Energy-efficient spreading factor adaptation with security-constrained closed-loop feedback for dense LoRaWAN deployments
摘要
This paper presents a novel and unified cross-layer optimization framework, SFOptSec, specifically designed for LoRaWAN-based IoT environments. Unlike conventional studies that treat communication efficiency and data security as separate goals, SFOptSec holistically integrates adaptive spreading factor (SF) optimization with AES-128-based encryption modeling within a lightweight and energy-aware architecture. The framework dynamically balances energy consumption, reliability, and security by embedding cryptographic overhead directly into the optimization process, achieving real-time adaptation to changing network conditions.

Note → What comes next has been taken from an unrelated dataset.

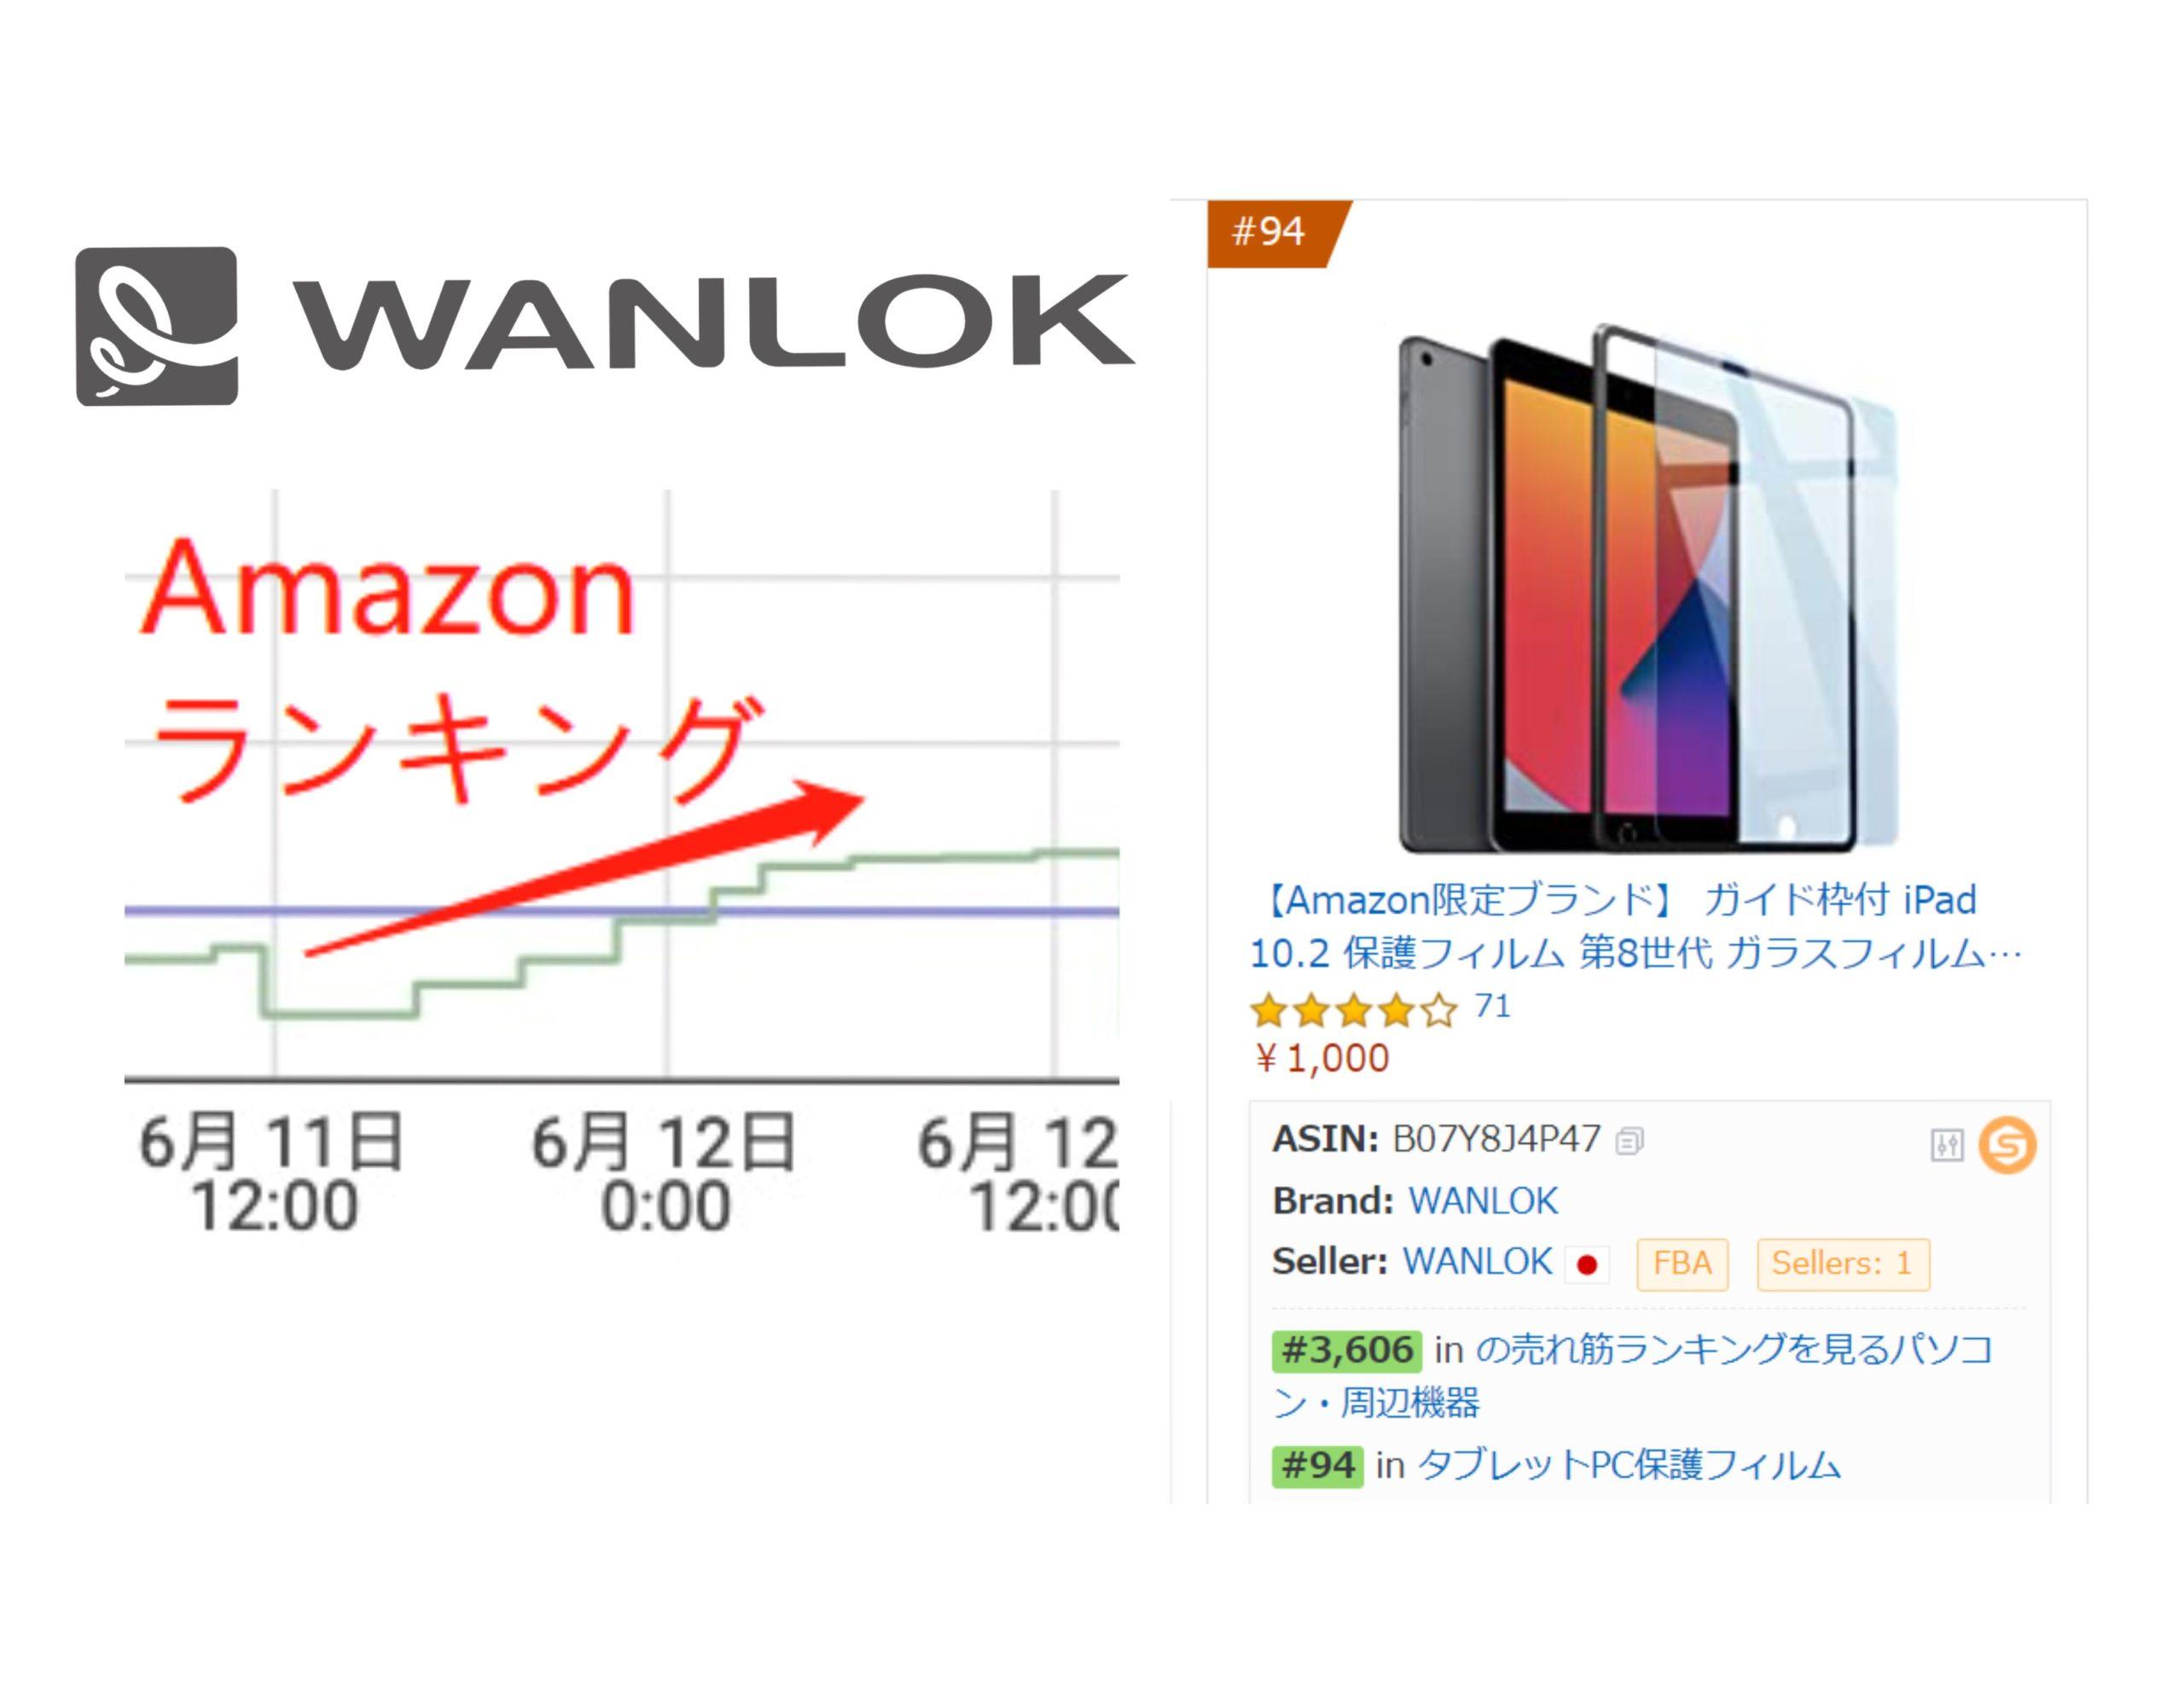 WANLOK 『人気タブレット各種対応保護フィルム 売上210%を達成のご報告』 アマゾン限定ブランド認定後の価格見直しにより販売数大幅UP iPad対応フィルムは現在購入数制限中

A multi-objective optimization model minimizes the combined cost of transmission and encryption energy, subject to reliability and security constraints. Furthermore, a feedback-based gateway adaptation mechanism iteratively refines SF and encryption parameters using observed metrics such as energy, latency, and packet delivery ratio (PDR). Simulation results demonstrate that SFOptSec significantly enhances network efficiency, reducing overall energy consumption and delay while maintaining robust data confidentiality. By unifying physical-layer optimization, link-layer encryption, and feedback-driven adaptation, SFOptSec establishes a scalable, secure, and energy-efficient solution for next-generation low-power IoT communication in dynamic LoRaWAN deployments.